In the entirety of the X-Men mythology there is no greater menace than En Sabah Nur, Apocalypse. Teased in credit stinger of X-Men: Days of Future Past the ancient Egyptian is heralded as a “god” when he is in fact among the world’s first mutant. For Singer, there was no bigger threat, no other more interesting foe to set upon his team of mutants than this. Within weeks of the release of the fifth X-Men film, 20th Century Fox announced the title of the sixth: X-Men: Apocalypse.

Now released for home viewing X-Men: Apocalypse is proof that the film franchise is moving steadily and setting a pace that is comparable to the line of the recent Avengers movies, the sixth film and Singer’s fourth is in a class all of its own. Mixing elements of the “reboot” and establishing itself as a prequel Singer’s own 2000 effort, X-Men: Apocalypse is interesting and inventive. Benefiting from moving one of the more obscure villains from cannon front and center.


In this installment there is the benefit of jumping right into the story. The characters are already well established, and revisiting them given the five previous films with a fresh eye is extremely present. These are rightly the early days of the X-Men. Charles Xavier (James McAvoy) is still getting his school together; the team of superheroes that emerge as students haven’t yet been forged into a fighting force.

With the timeline having experienced a reset, Singer has recreated the events leading to the origin of the “original” X-Men.
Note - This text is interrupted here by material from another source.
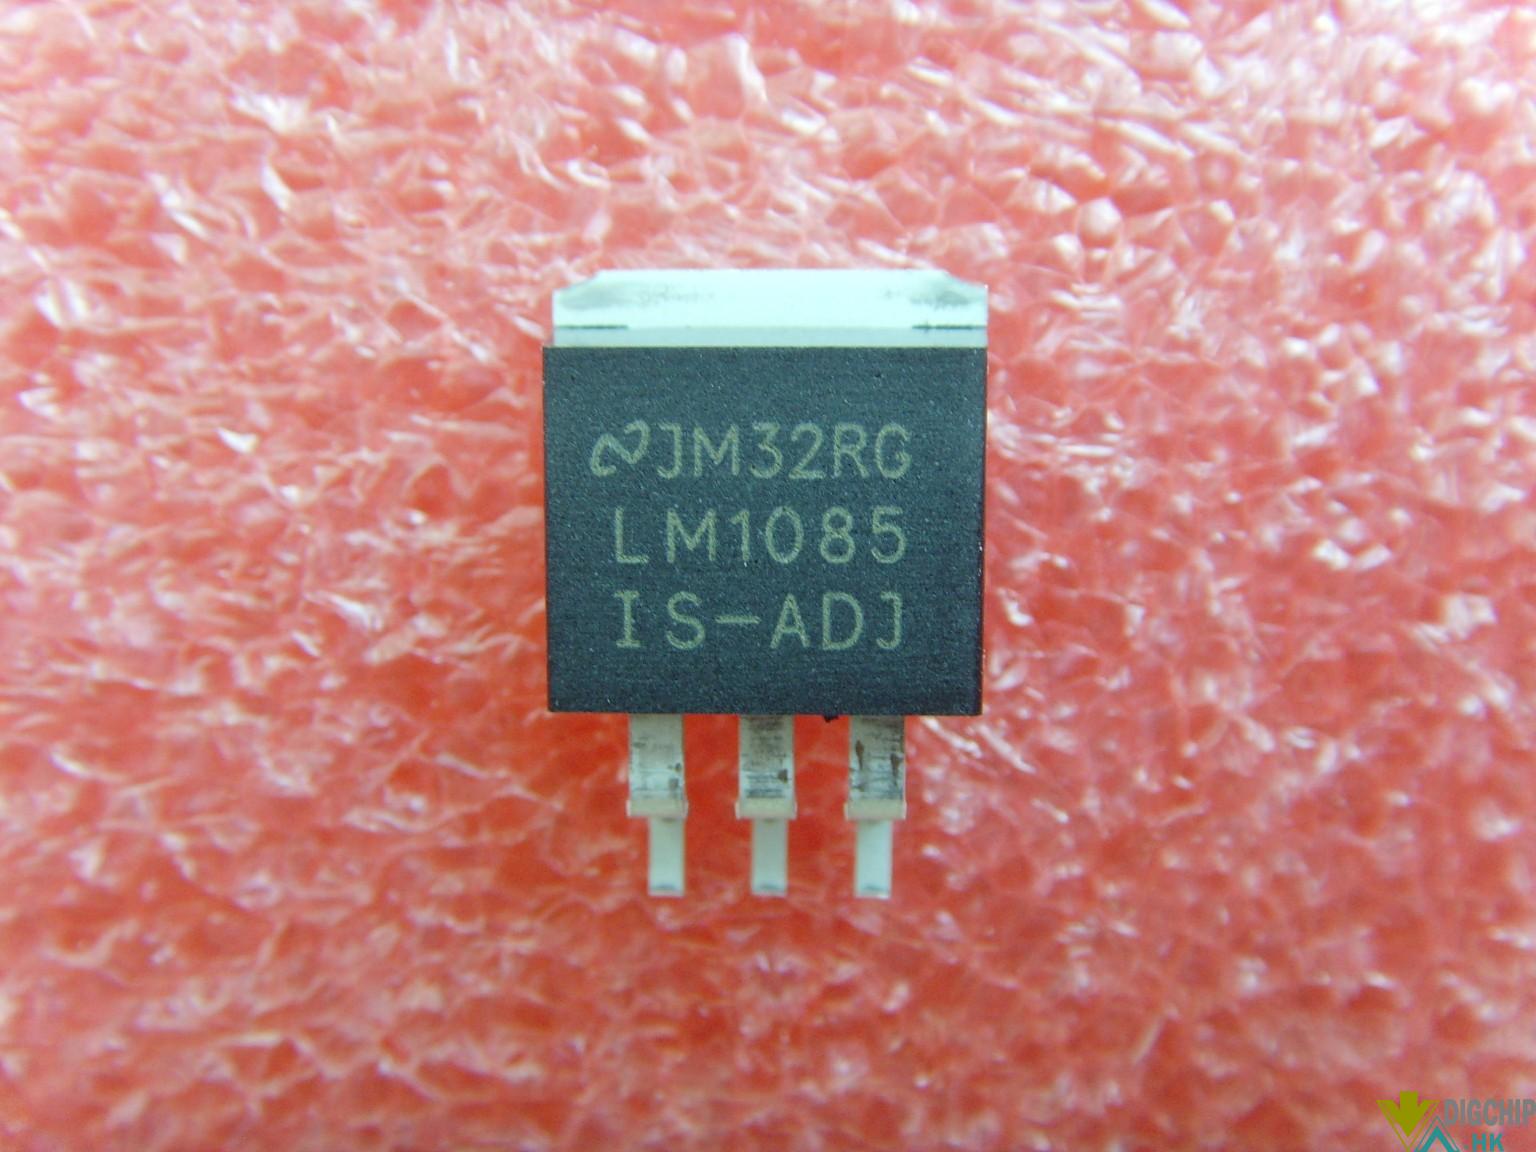 LM1085IS-ADJ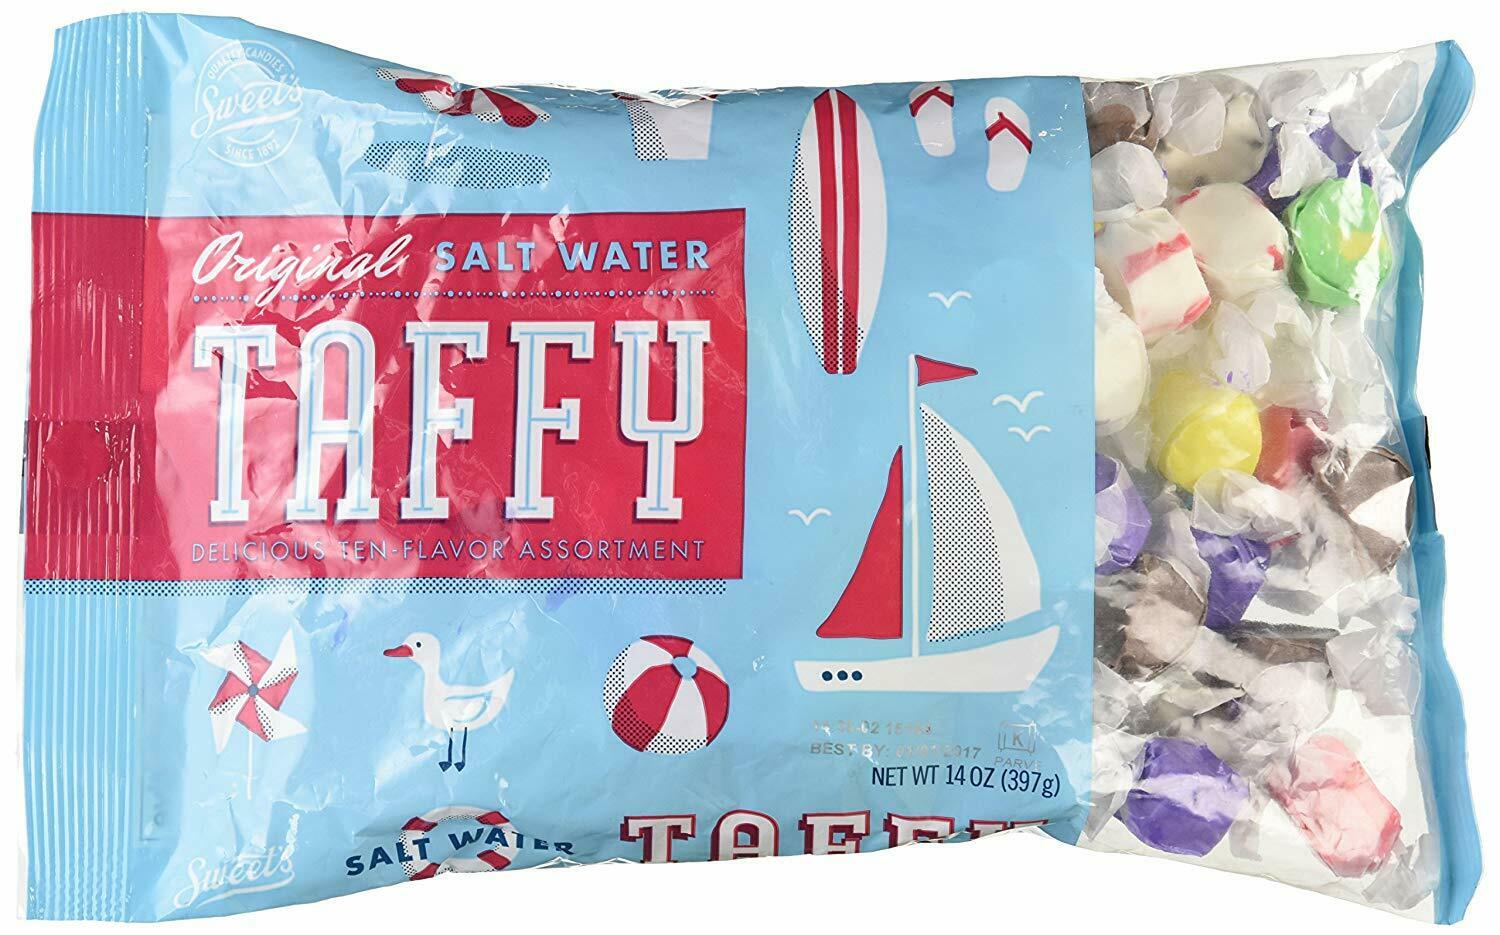 Sweet's Candy Original Salt Water Taffy Assortment, 14oz

It’s a roster that is similar to the team seen in affect in the 2000 film. In this film, Scott Summer (Tye Sheridan) is introduced to the school by his “older” brother Alex (Lucas Till) who plays the mutant Havok in the “reboot” films. There Scott, meets Jean Grey (Sophie Turner) and the two will become the future Cyclops and Marvel Girl of the original X-Men.


The X-Men’s other leader Storm (Alexandra Shipp) is also present, but as a young mutant aligns herself with the enemy and stands at Apocalypse’s (played by Oscar Isaac) side as one of this horseman. Storm is not alone, as another original X-Men, the winged Angel (Ben Hardy) is also on the side of the devil. It isn’t long before Charles and his team find themselves on a trajectory to stopping Apocalypse from causing Armageddon!

With Game of Thrones’ Sophie Turner now in the role of Jean Grey, Singer finally gives the character its greatest moment and elegantly reveals the “Phoenix Force” inherent in Grey that marks her perhaps the most powerful mutant among them. When Professor X is on the ropes in final conflict against Apocalypse, Jean comes to the rescue unleashing her full power. In the first trilogy, the “Phoenix Force” is touched up, but fans felt that Ratner’s take was sophomoric at best.

Phoenix fans…we’ve been vindicated!

With X-Men: Apocalypse now out of the way, perhaps the best is still ahead for the X-Men Franchise. Now that the “original” team has been assembled, fans are hopeful that somehow the X-Men will be integrated into the vast expanding Marvel Cinematic Universe and that these characters and their mission, to protect a world that scorns them because of what they are! The next step would be have them cross paths with their Avengers counterparts or compete for the top of the food chain perhaps in an episode we’d like to call Avengers v X-Men.